Assignment: Omit every picture, then return the listing verbatim.

====== Recorded information

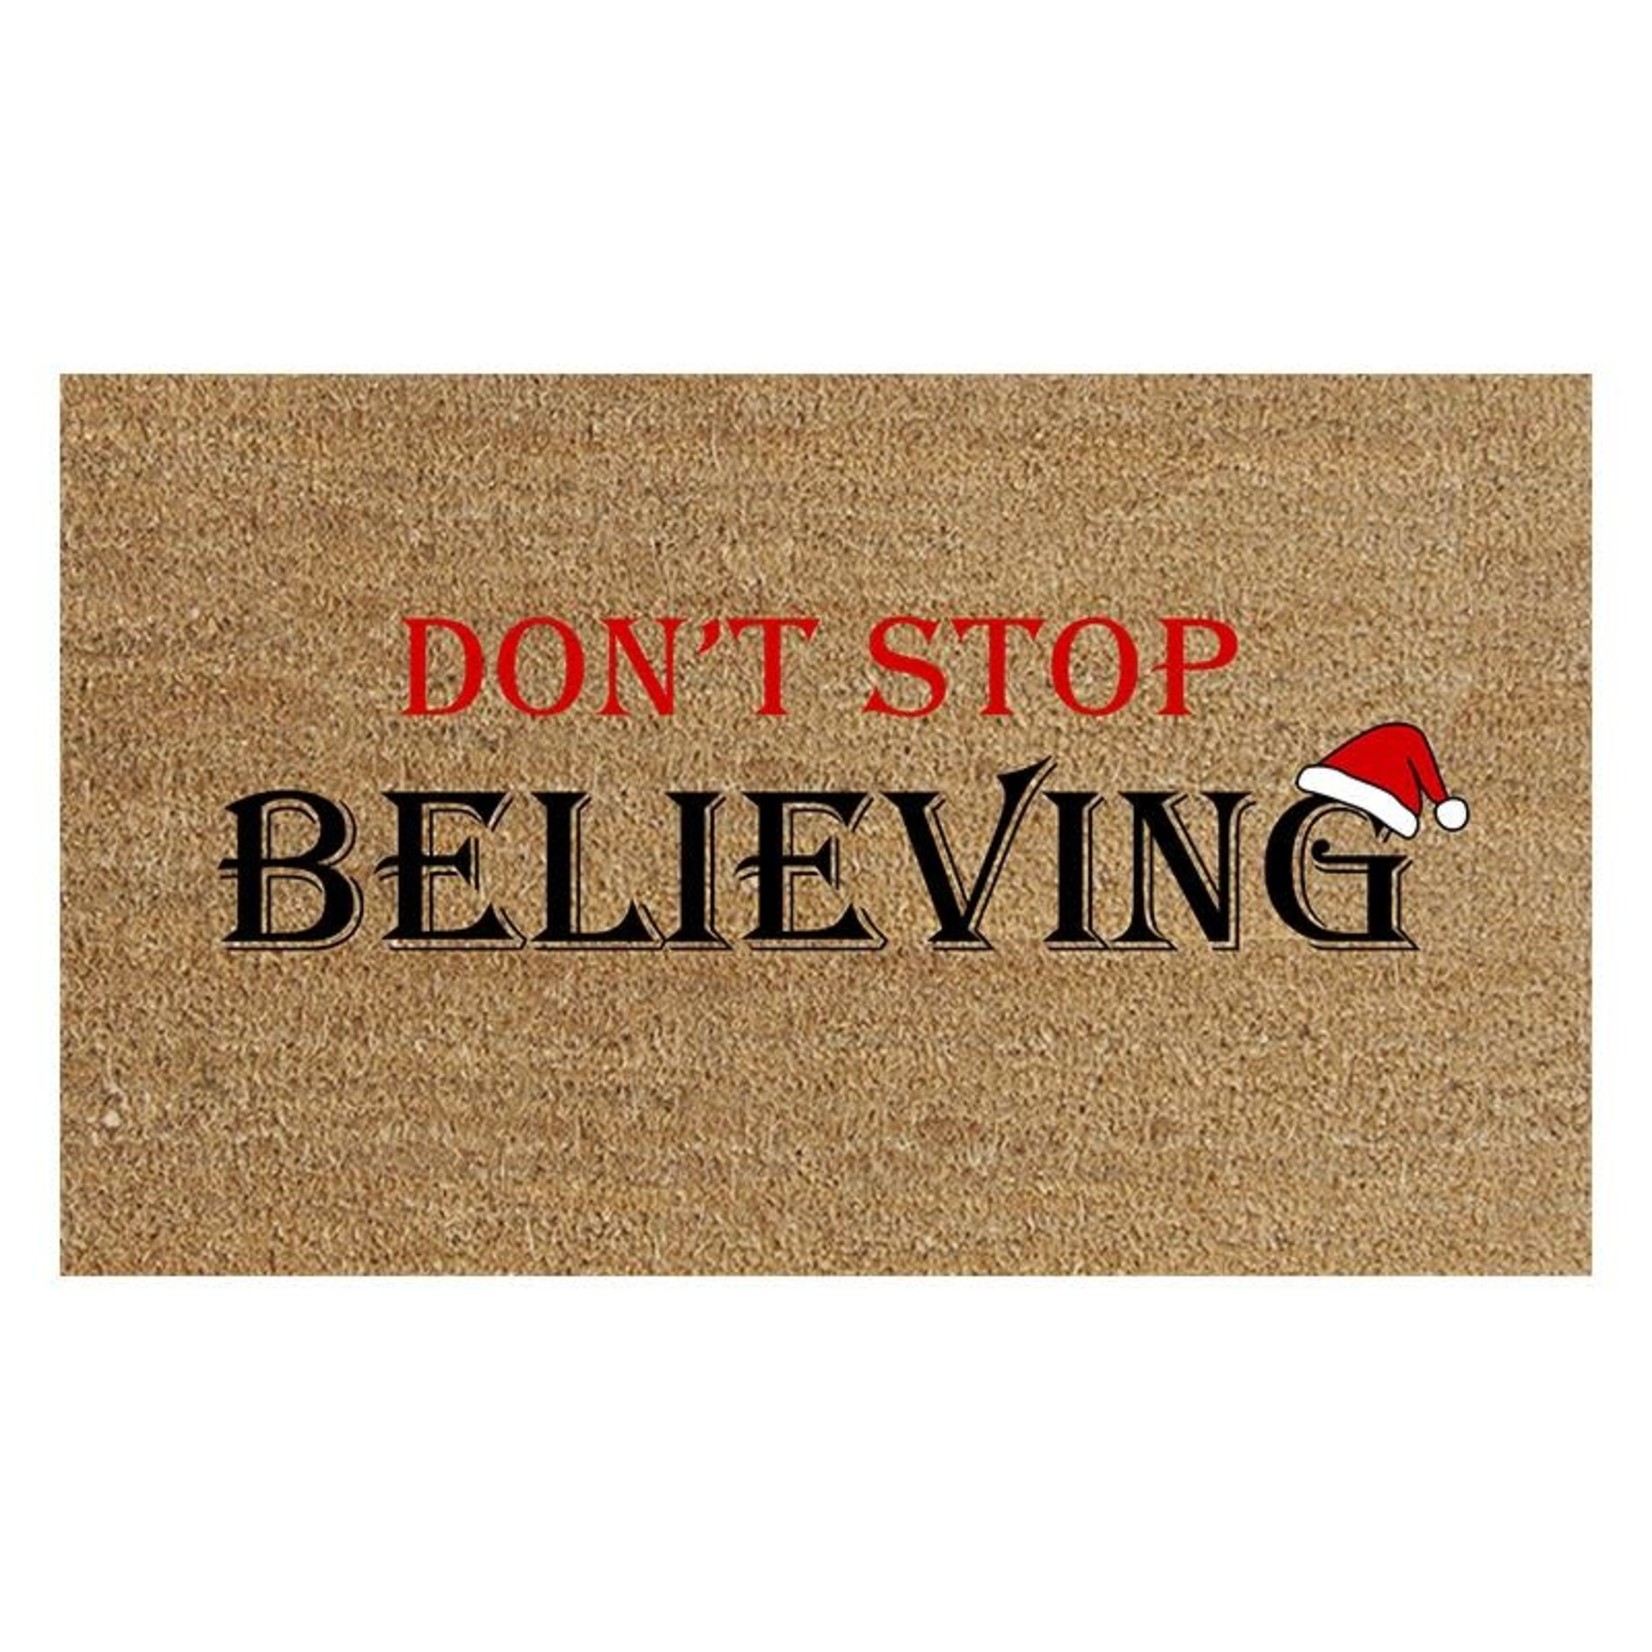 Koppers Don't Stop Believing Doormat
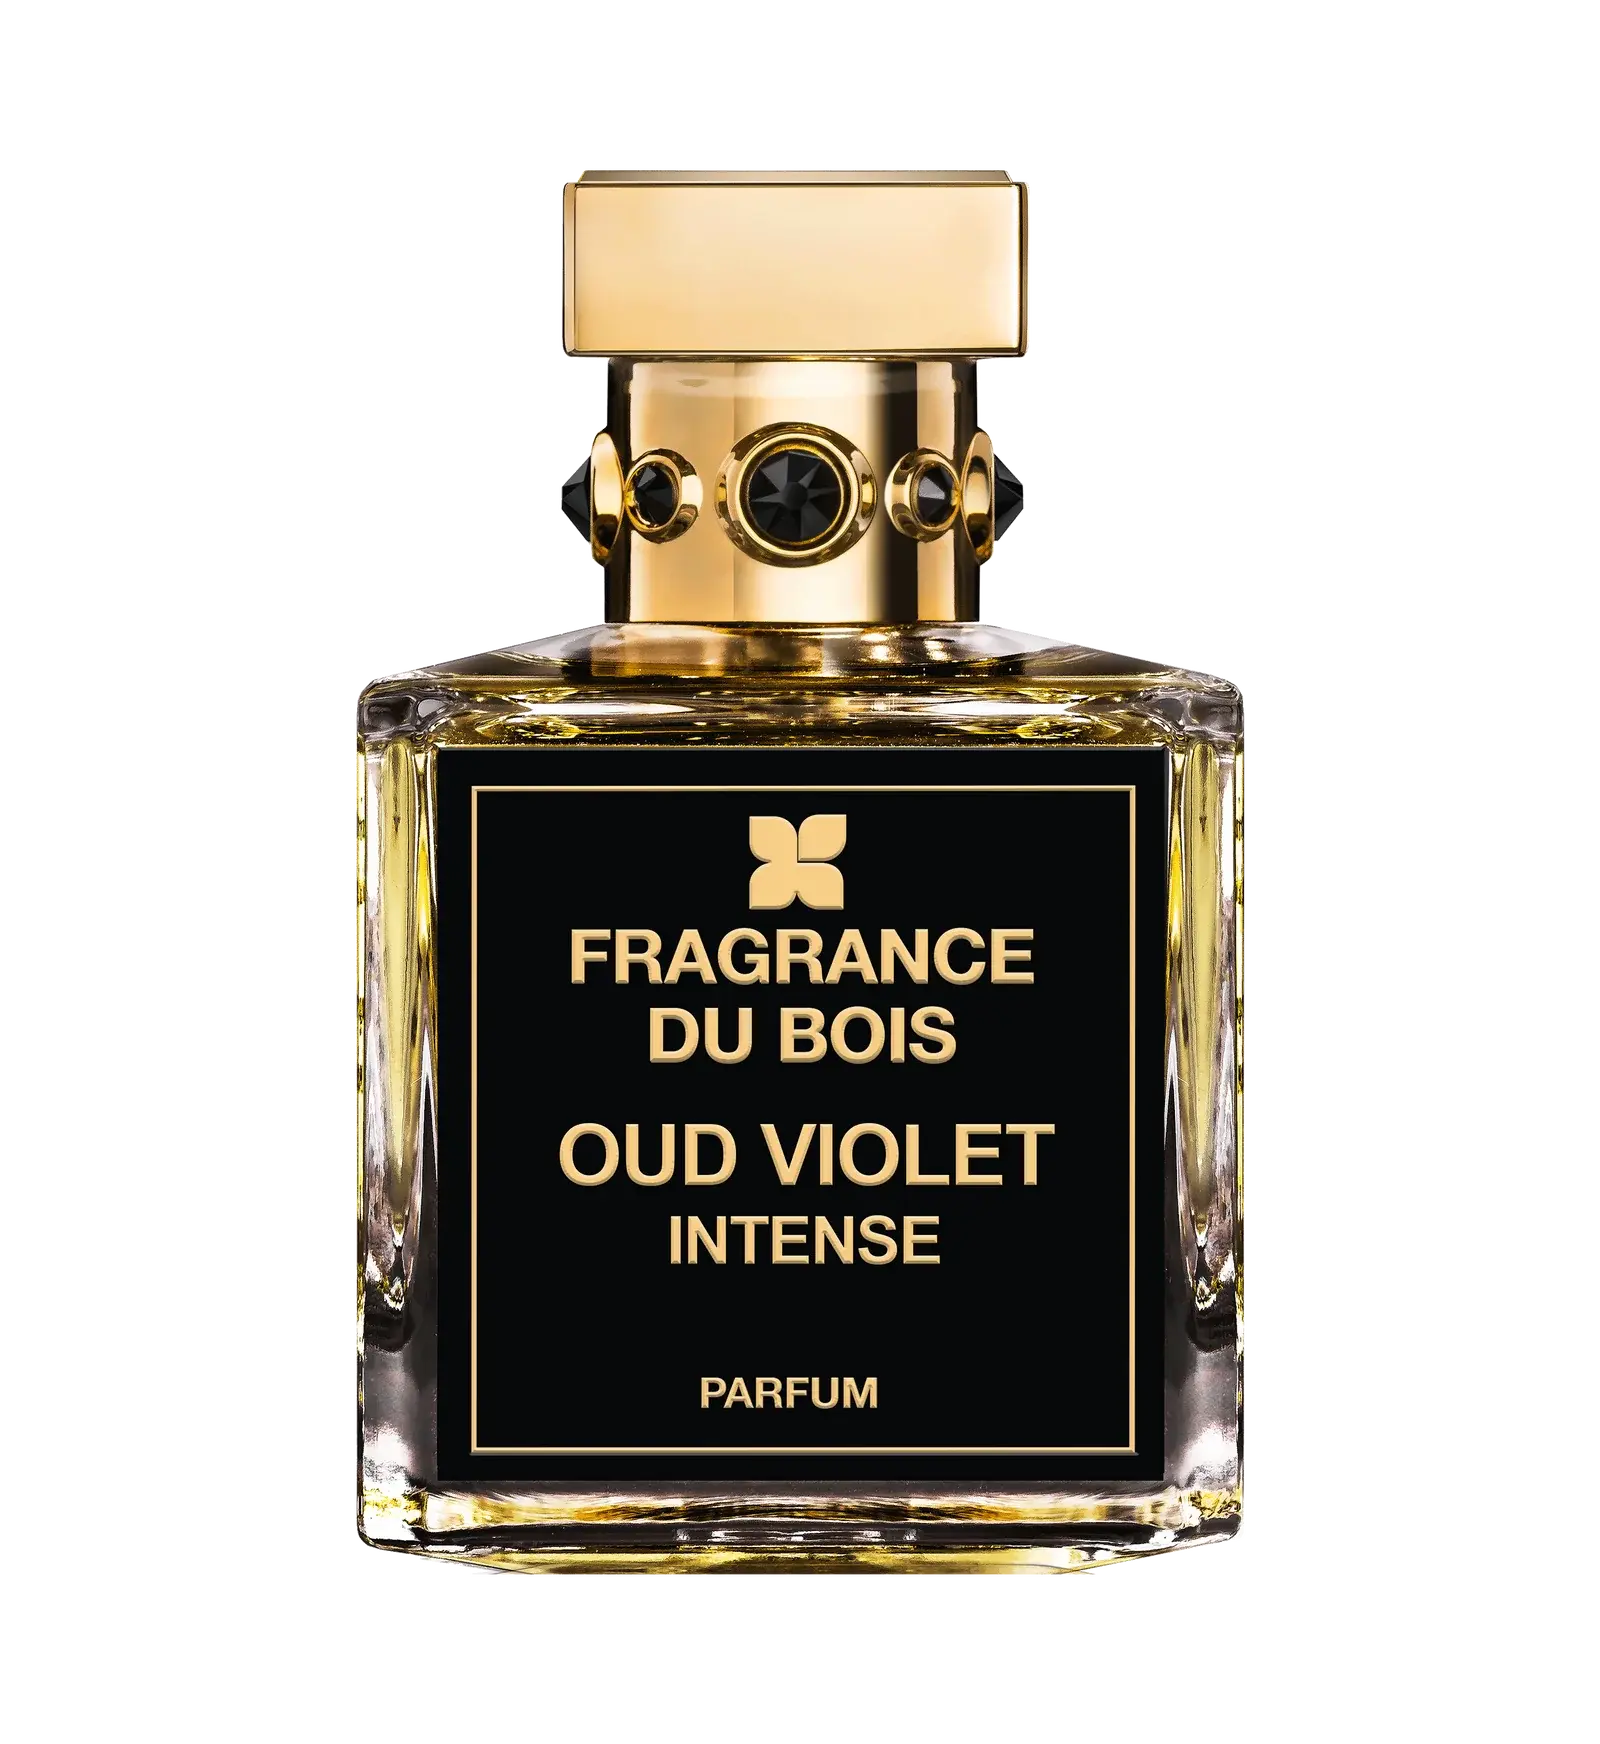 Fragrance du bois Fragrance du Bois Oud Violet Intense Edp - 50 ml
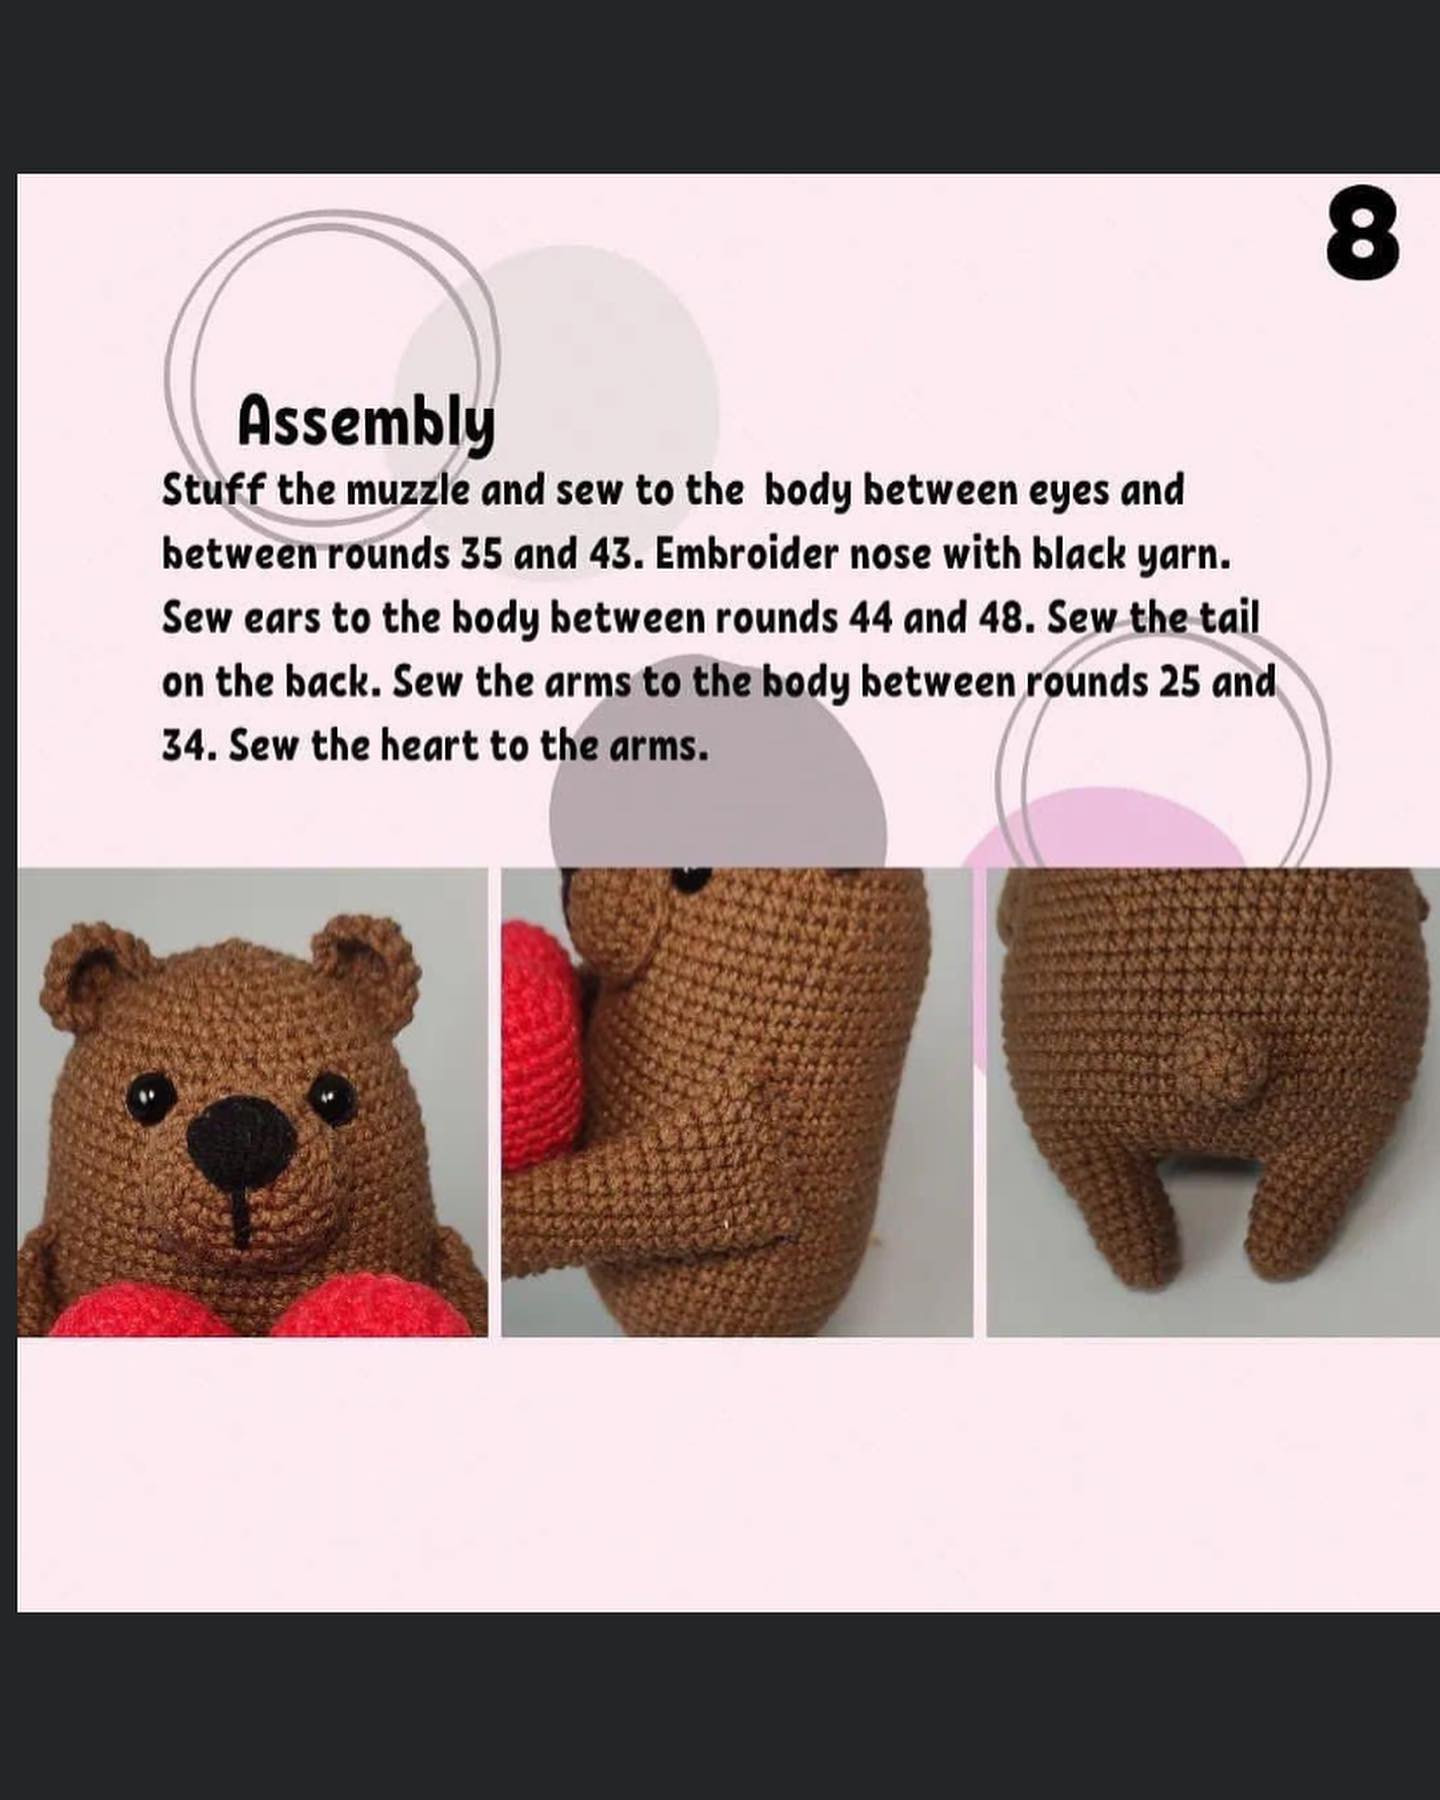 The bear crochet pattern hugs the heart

============

Task solution:
 Koppers Don't Stop Believing Doormat
 Fragrance du bois Fragrance du Bois Oud Violet Intense Edp - 50 ml
 The bear crochet pattern hugs the heart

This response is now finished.